### EXERCISE
In the material below, find the span from the line with "Shakey's Bunch of Lunch" to the line with "CBSE Class 12" and transcribe only those lines, exactly, ends included, without the pictures.

### AVAILABLE RECORDS
--*--
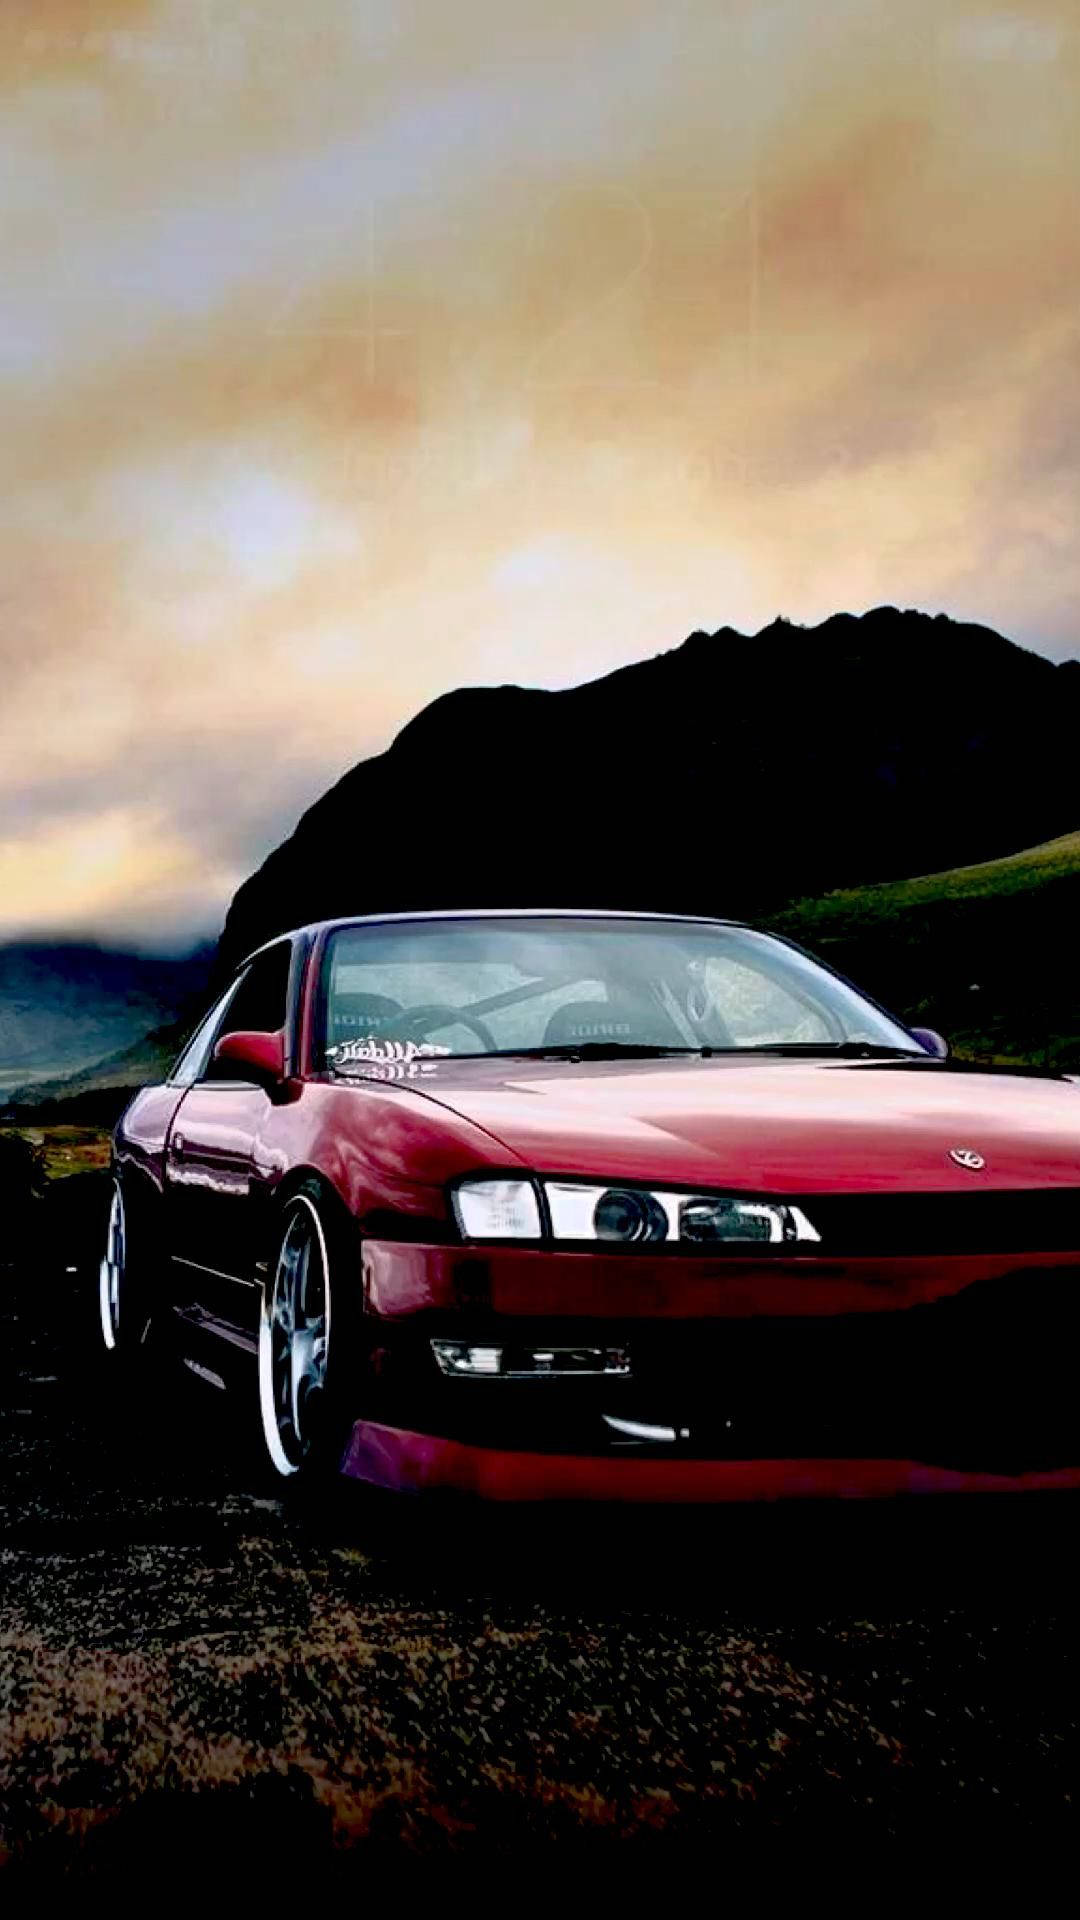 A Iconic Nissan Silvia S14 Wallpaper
--*--
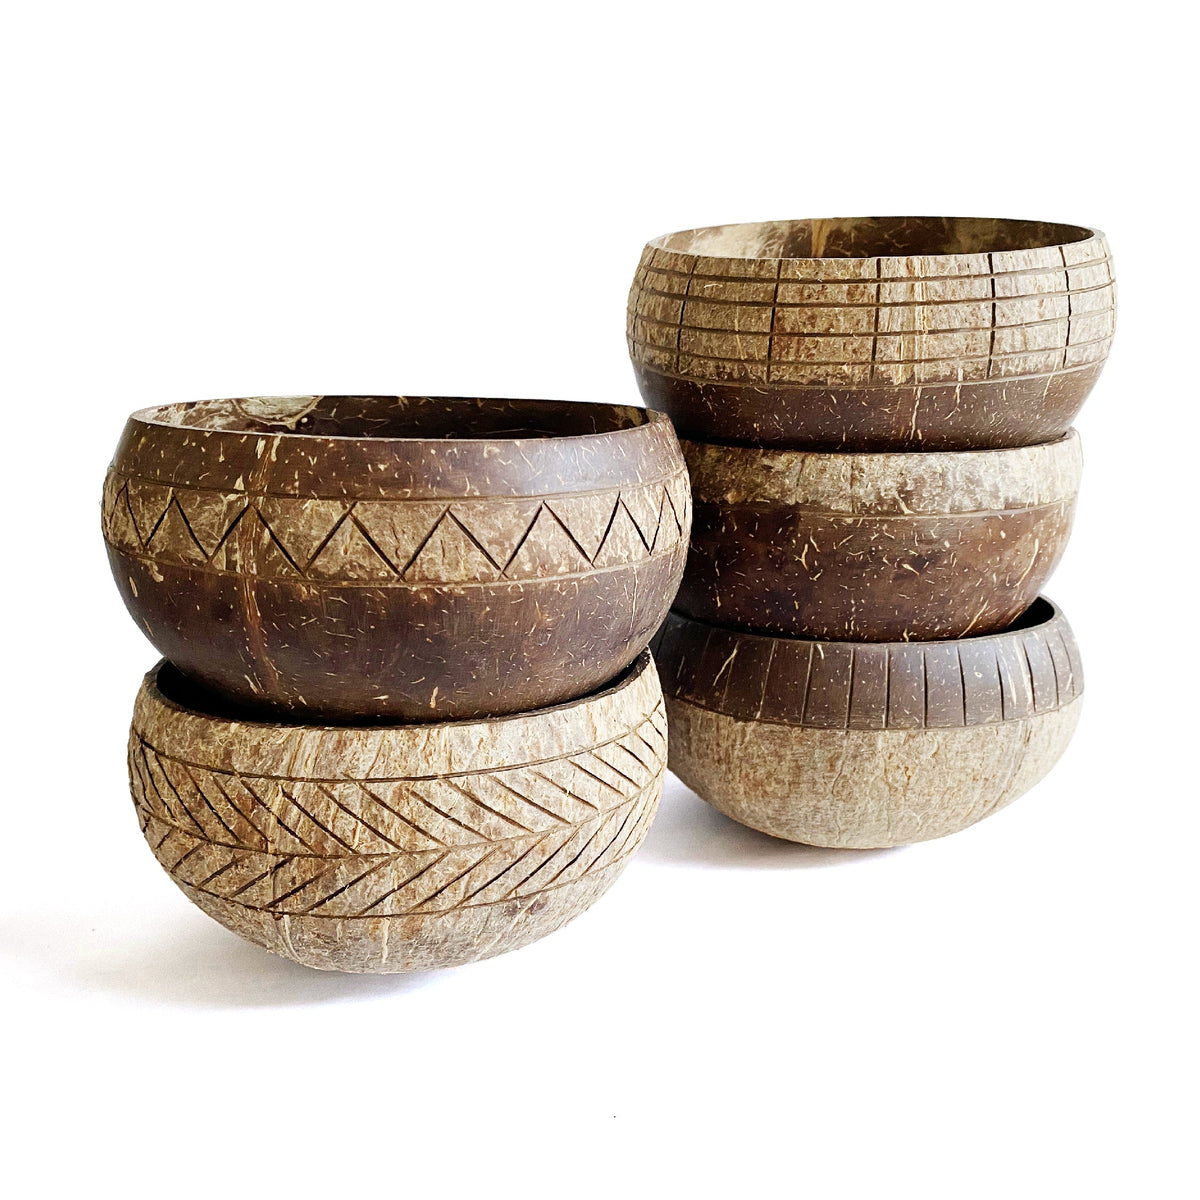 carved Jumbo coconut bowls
--*--
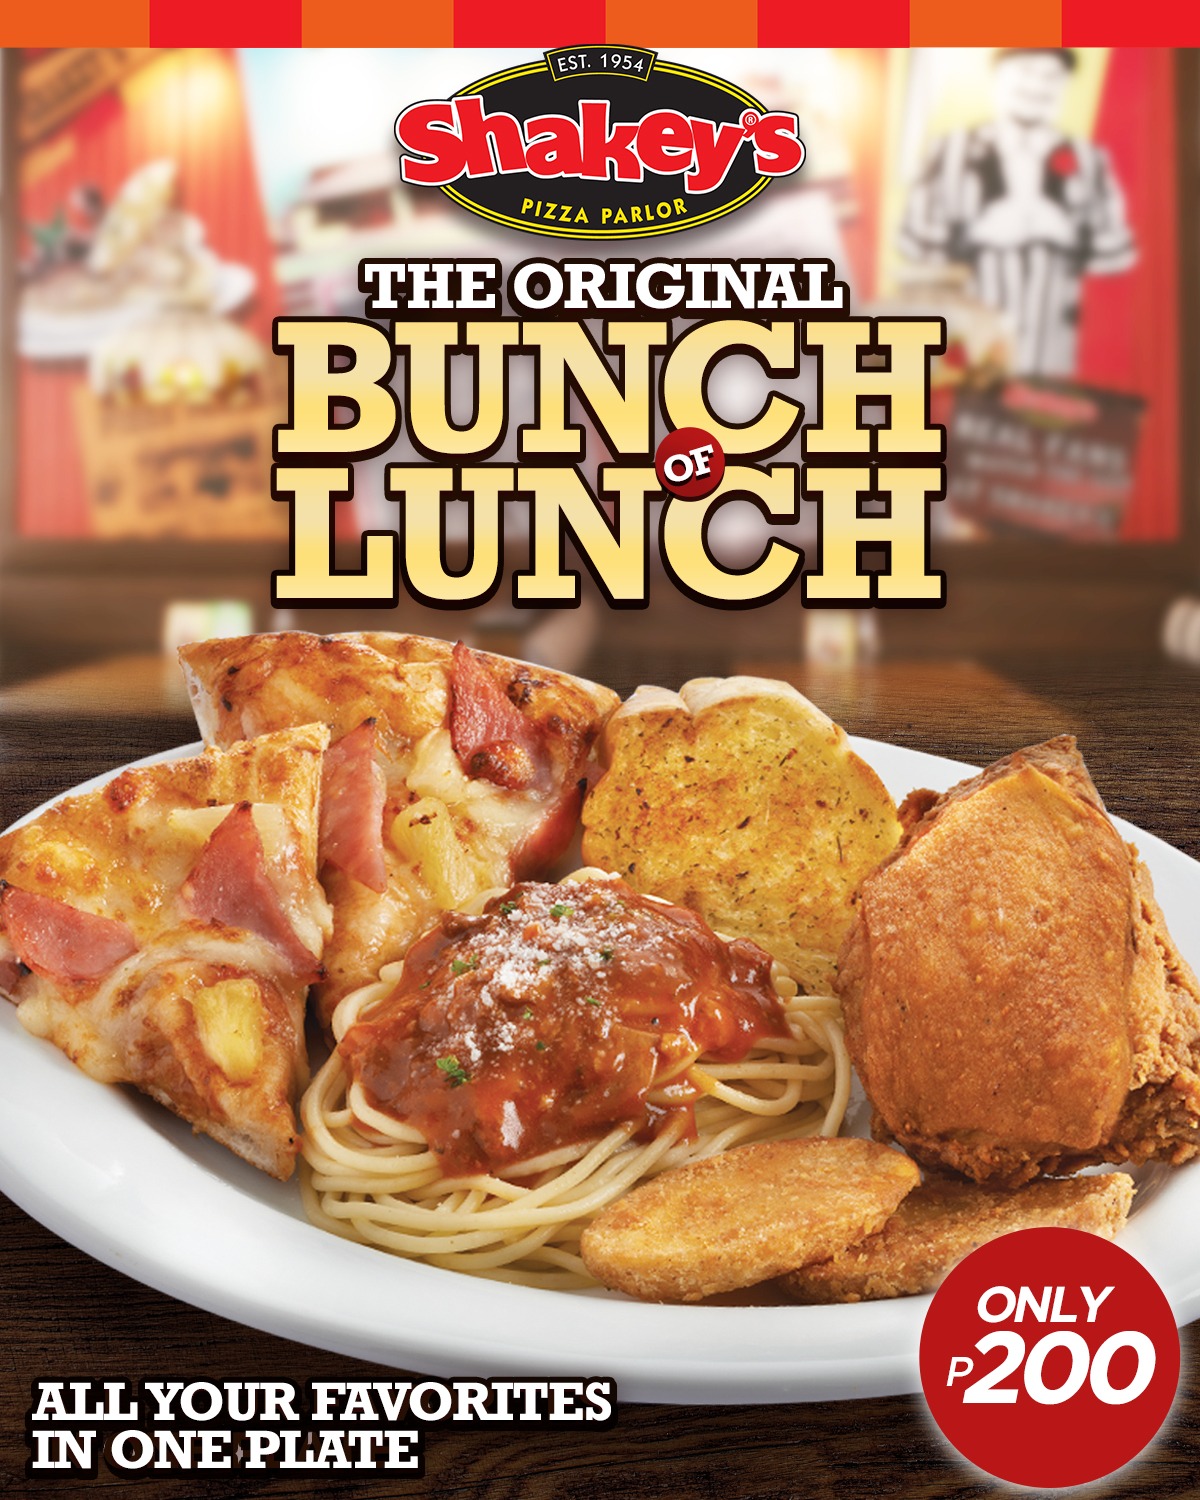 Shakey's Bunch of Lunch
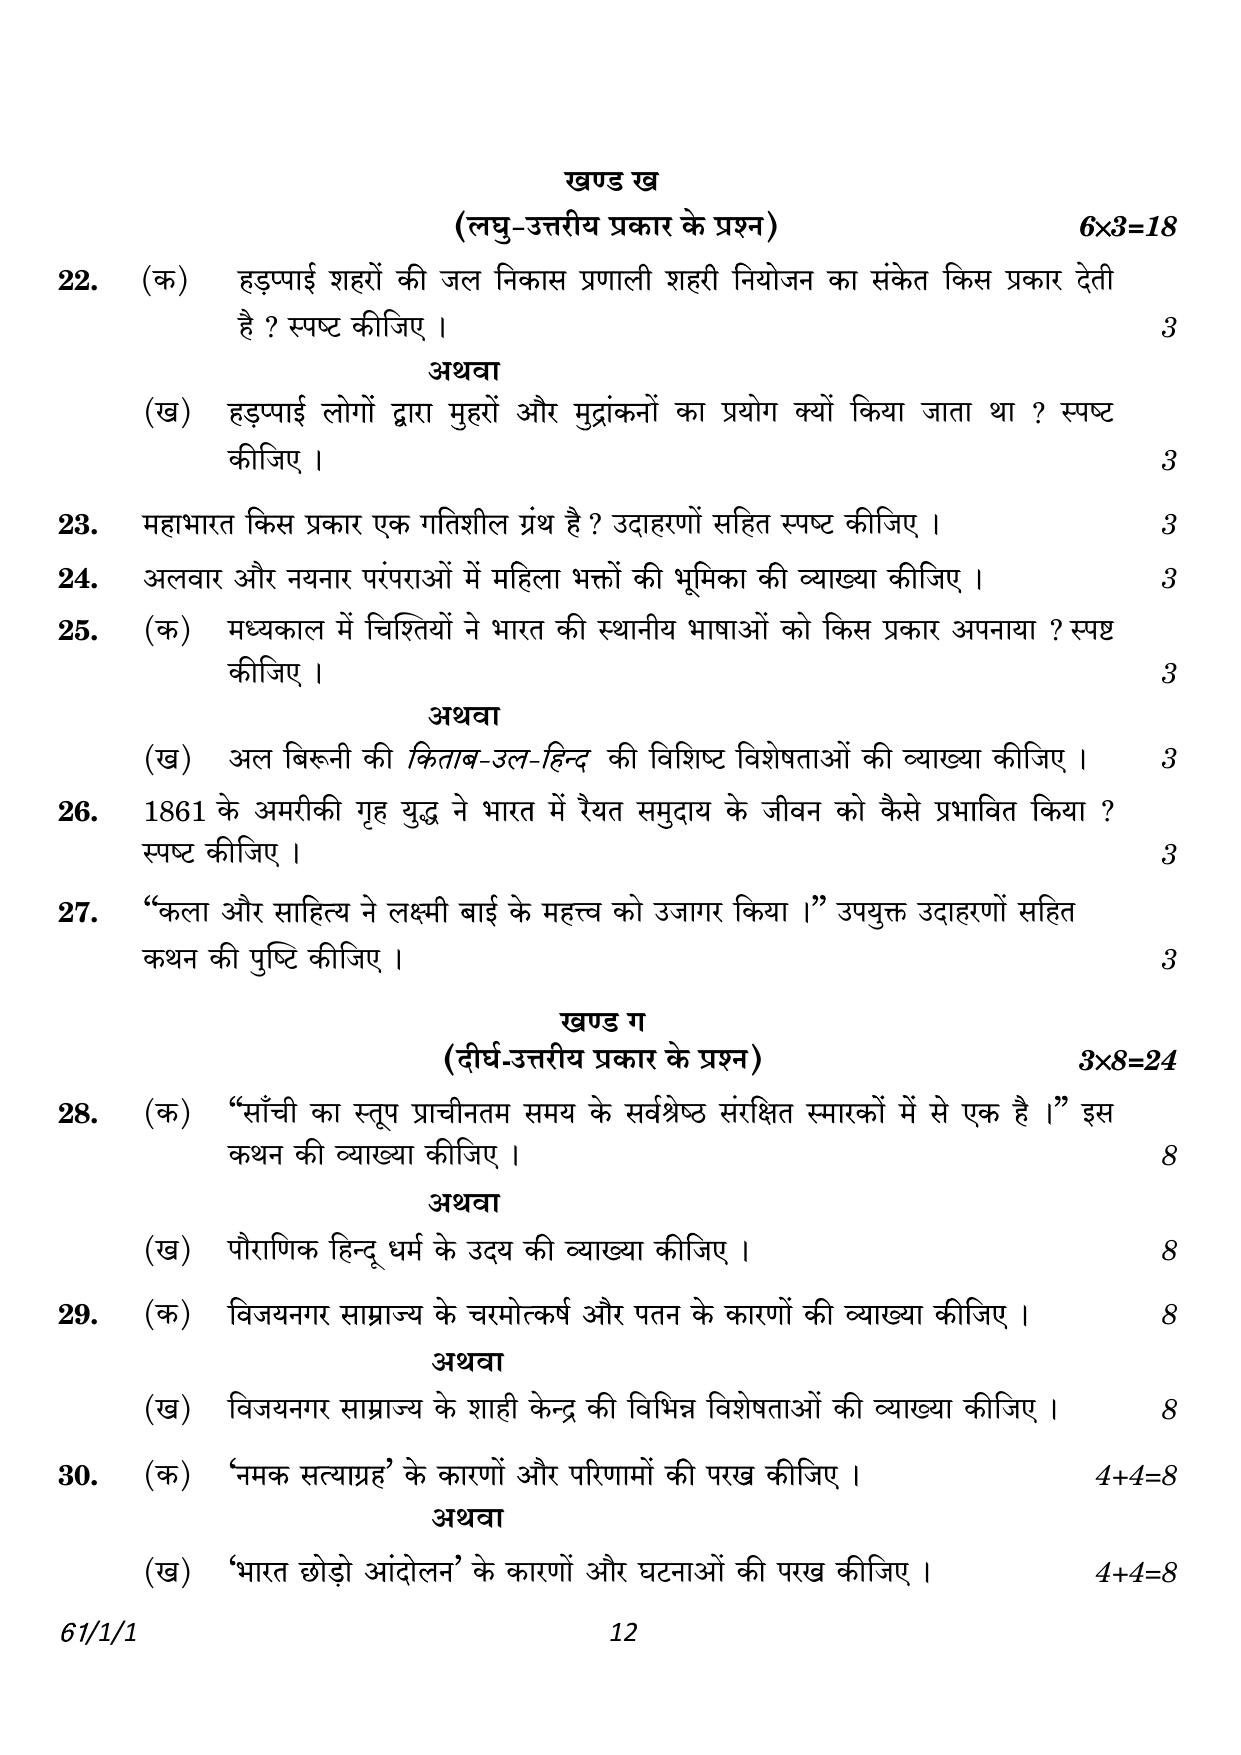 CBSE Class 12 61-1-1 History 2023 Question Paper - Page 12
--*--
### ANSWER BOX
 Shakey's Bunch of Lunch
 CBSE Class 12 61-1-1 History 2023 Question Paper - Page 12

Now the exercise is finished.